▸ DATA EXCERPT:
====

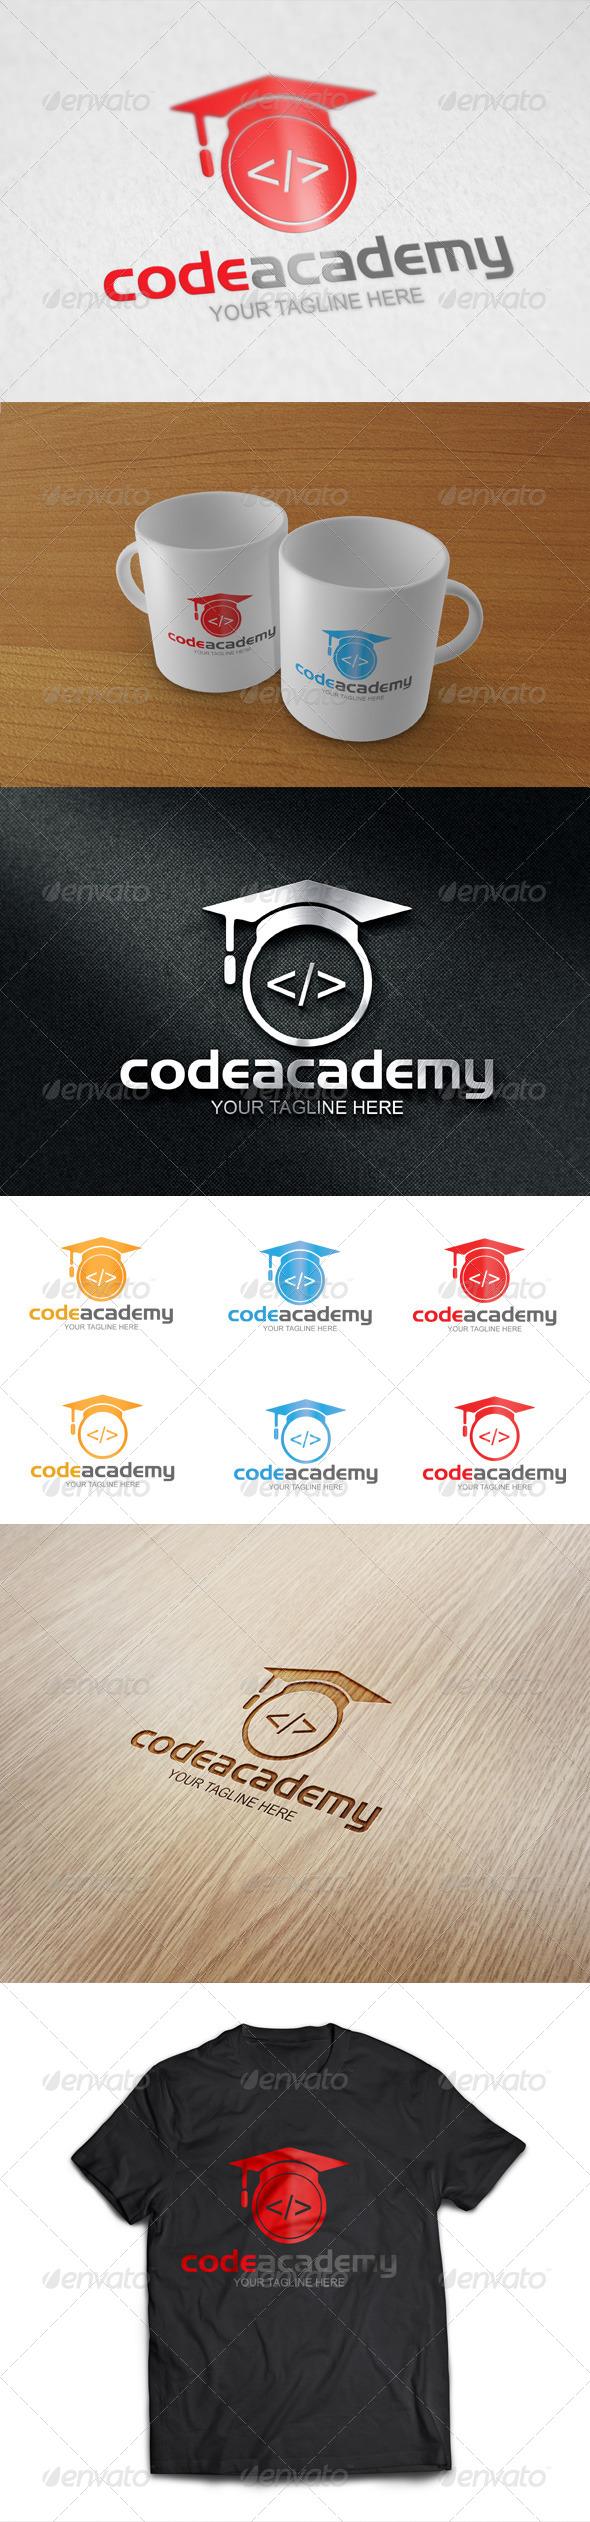 Code Academy Logo Template
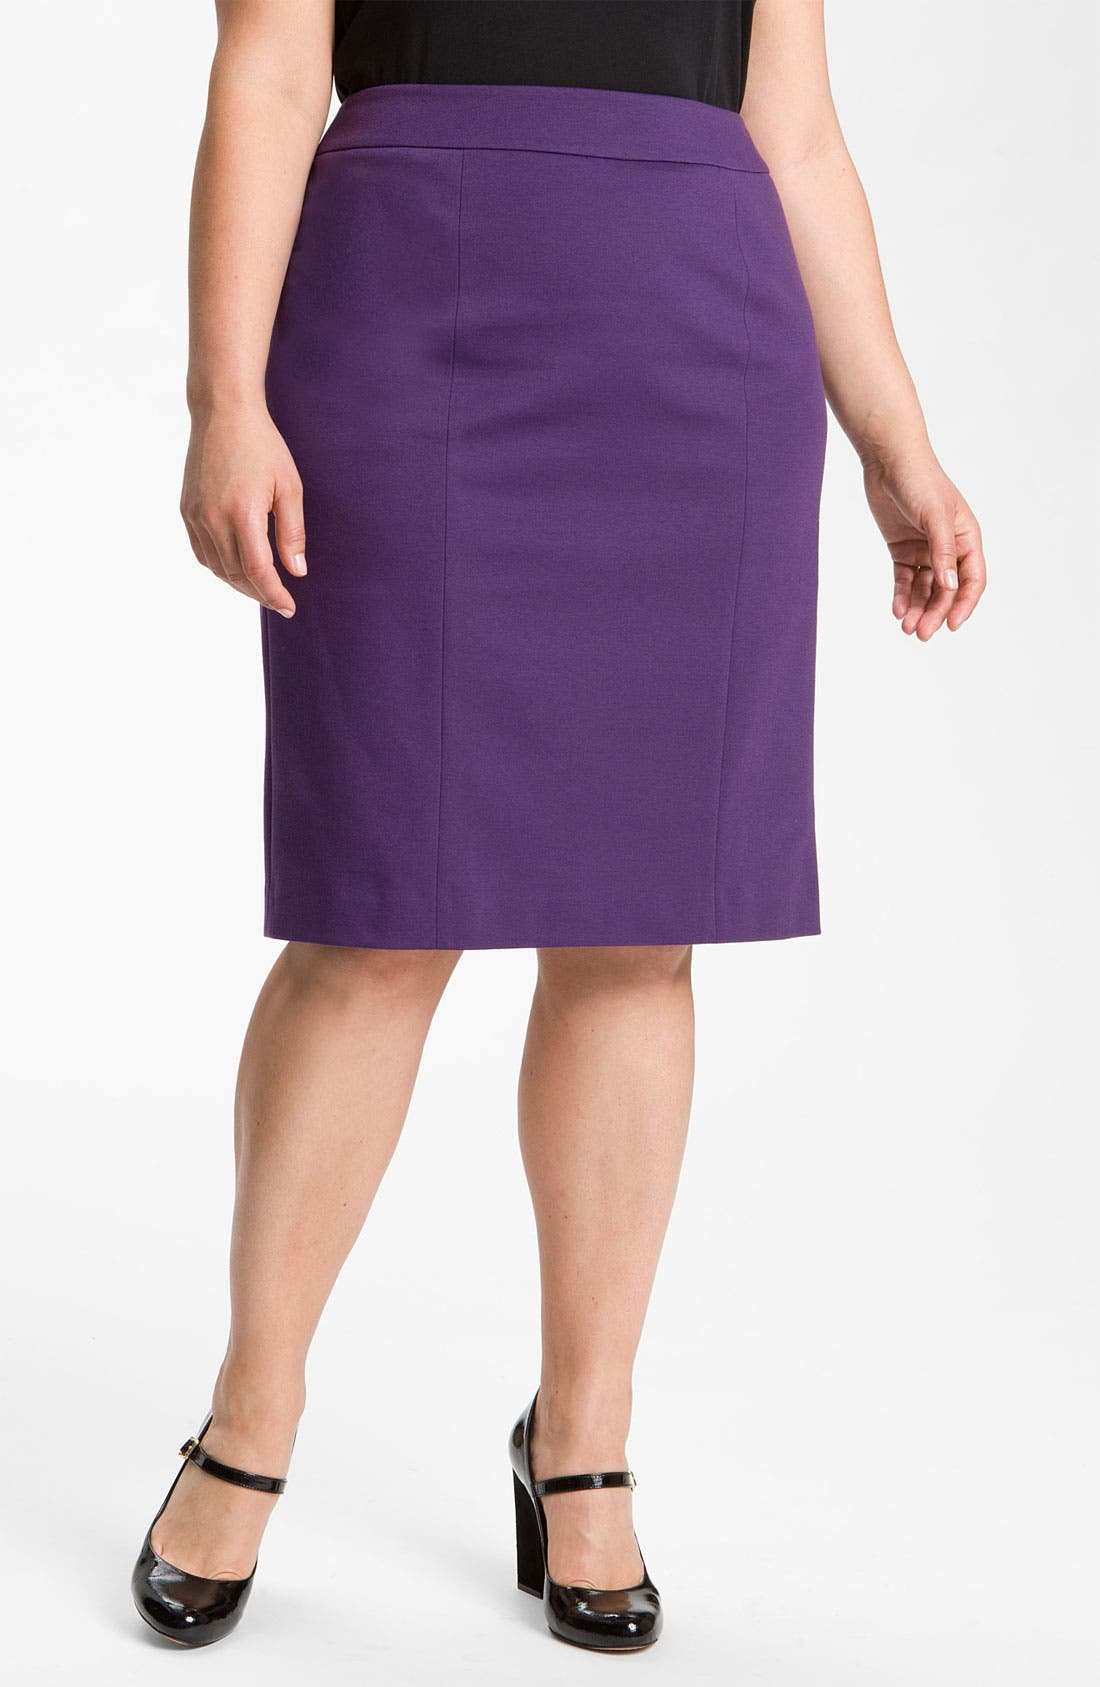 Alternate Image 1 Selected - Sejour Ponte Knit Skirt (Plus)
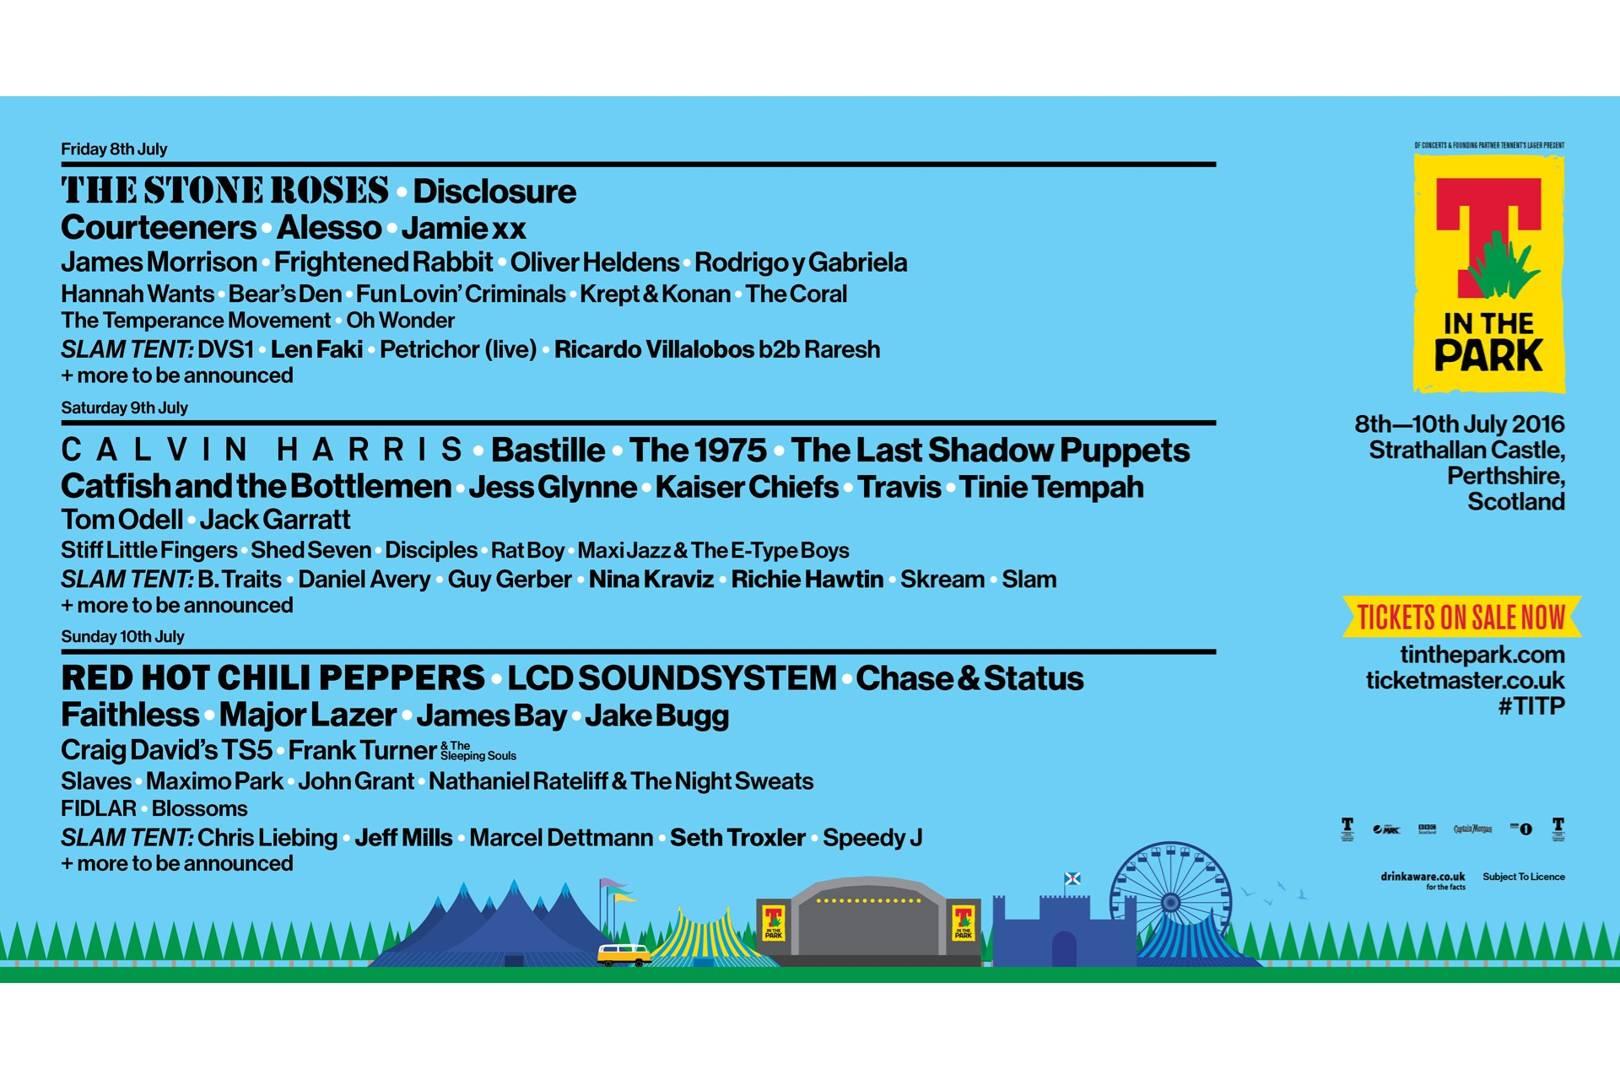 Festival Line Ups 2016 Festival Announcements Line Up Rihanna

====

When you copy the listing above, reproduce every line exactly and skip the images.

▸ RESPONSE BELOW:
 Code Academy Logo Template
 Alternate Image 1 Selected - Sejour Ponte Knit Skirt (Plus)
 Festival Line Ups 2016 Festival Announcements Line Up Rihanna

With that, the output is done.